The Calculating Stars is a science fiction novel by American writer Mary Robinette Kowal. The book was published by Tor Books on July 3, 2018. It is the first book in the "Lady Astronaut" series and is a prequel to the 2012 short story "The Lady Astronaut of Mars".

Plot
Shortly after President Thomas Dewey leads the United States to victory in the space race in 1952, a meteorite strikes the Chesapeake Bay, obliterating most of the Eastern Seaboard. In the aftermath, the mathematician and former Women Airforce Service Pilots pilot Elma York calculates that the resulting climate change will make the planet uninhabitable within 50 years.
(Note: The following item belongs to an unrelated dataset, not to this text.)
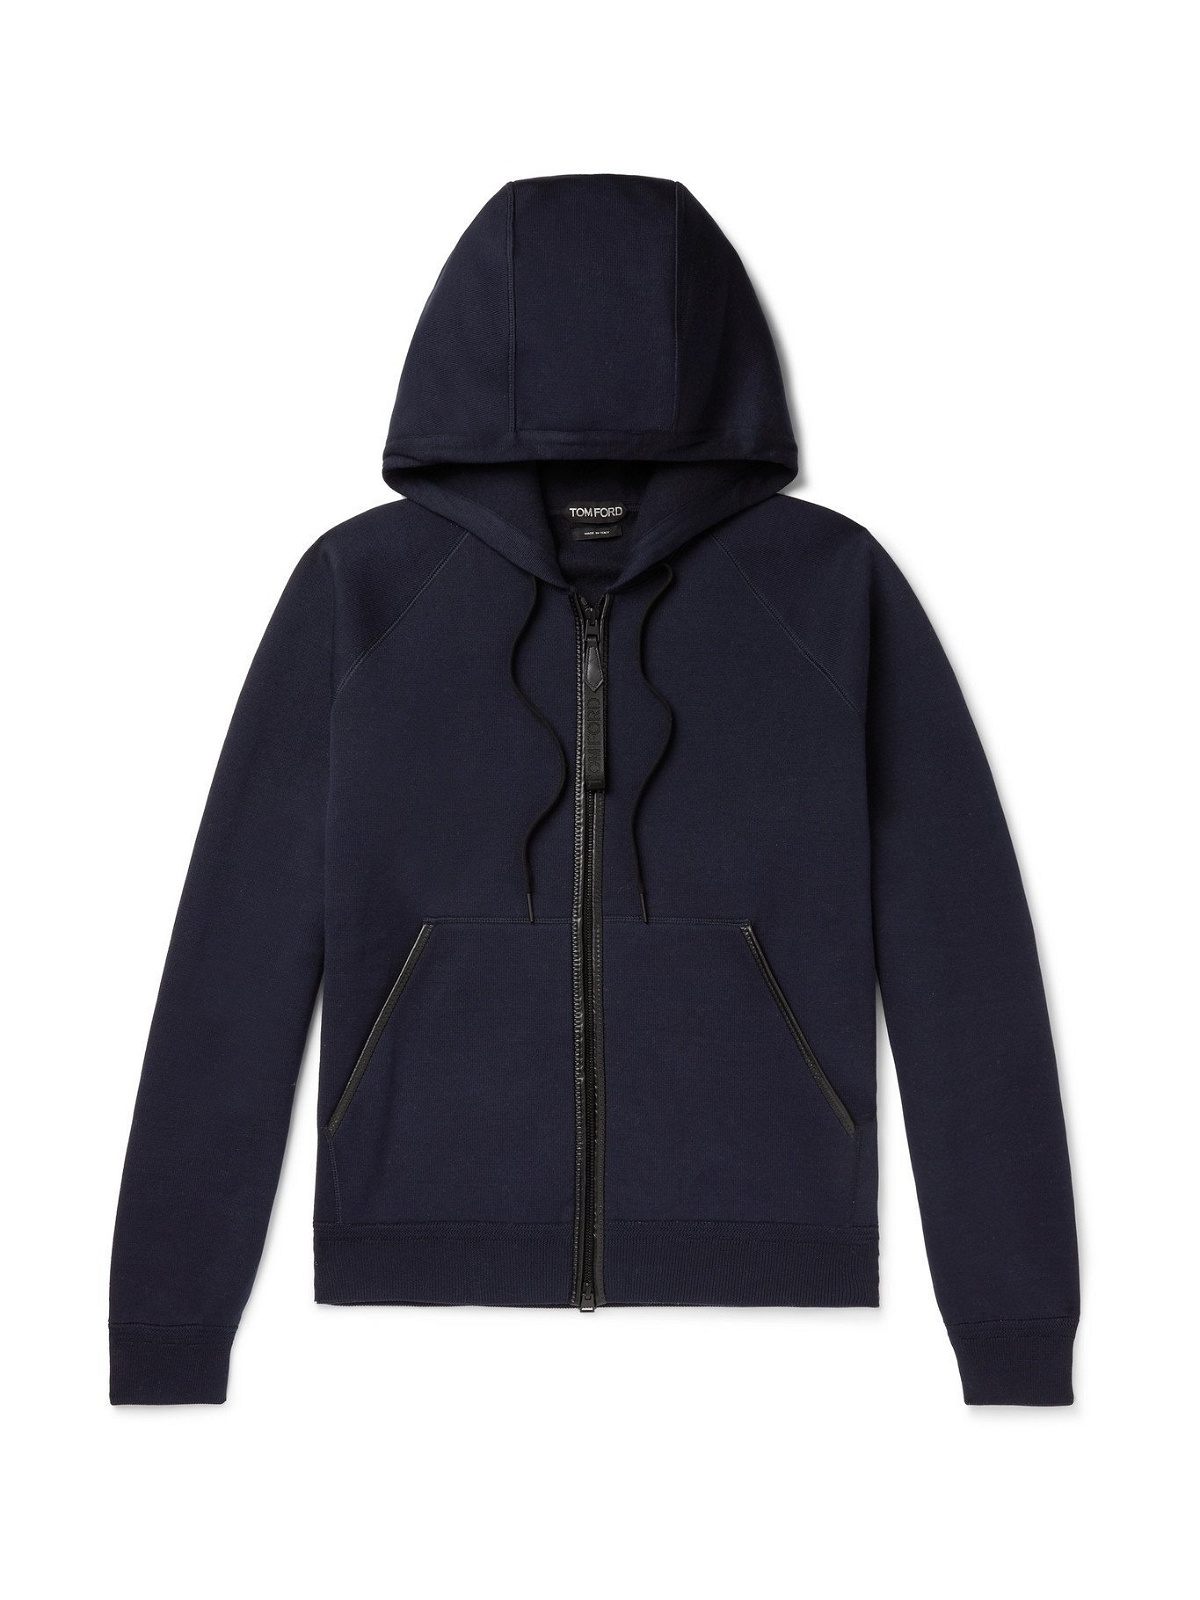 TOM FORD - Leather-Trimmed Double-Faced Cotton-Blend Jersey Zip-Up ...
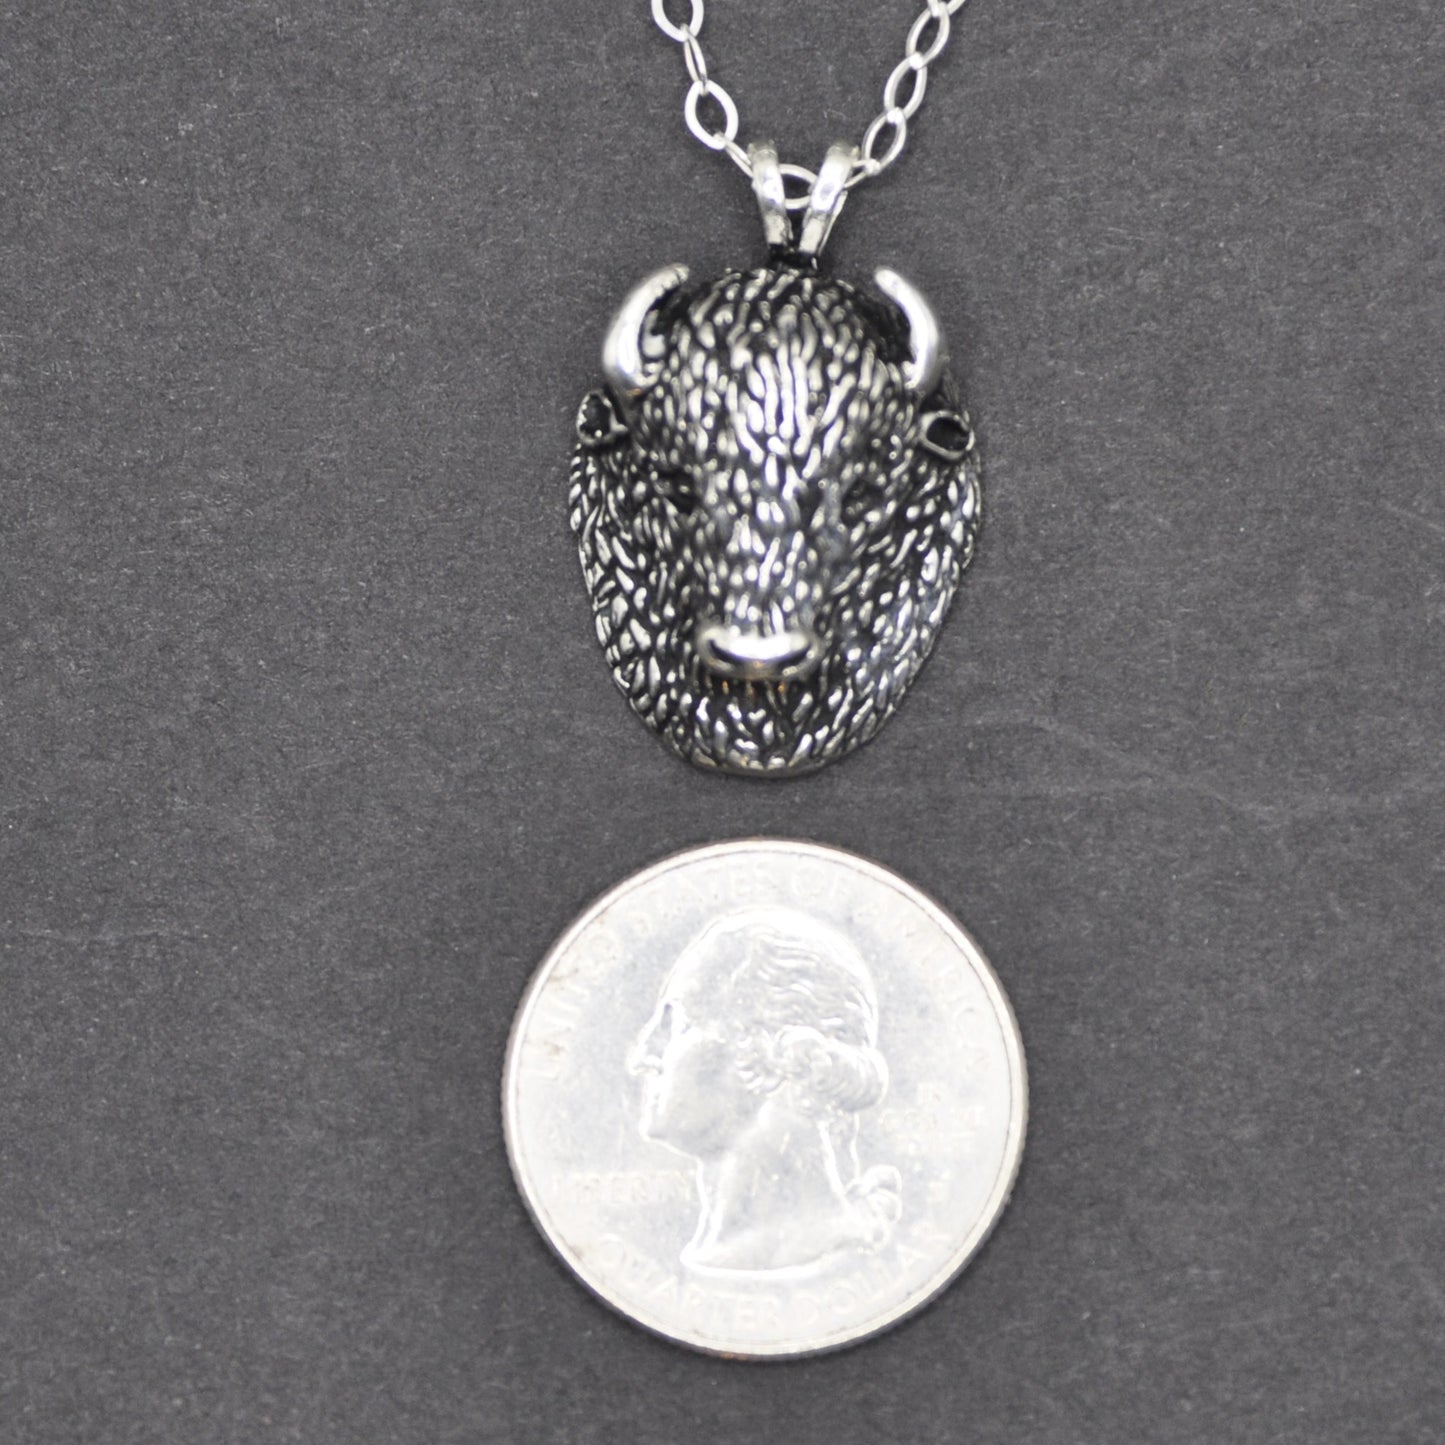 Buffalo Bison Pendant Recycled Sterling Silver .925 18 Inch Cable Chain Endangered Species

The threat accelerates efforts to colonize space and leads to Elma joining the International Aerospace Coalition in its attempt to reach the Moon and then Mars.

Reception
The Calculating Stars won the 2019 Nebula Award for Best Novel, the 2019 Locus Award for Best Science Fiction Novel, the 2019 Hugo Award for Best Novel, and the 2019 Sidewise Award for Alternate History.

Publishers Weekly considered it "outstanding," with Elma's personal life "provid(ing) a captivating human center to the apocalyptic background."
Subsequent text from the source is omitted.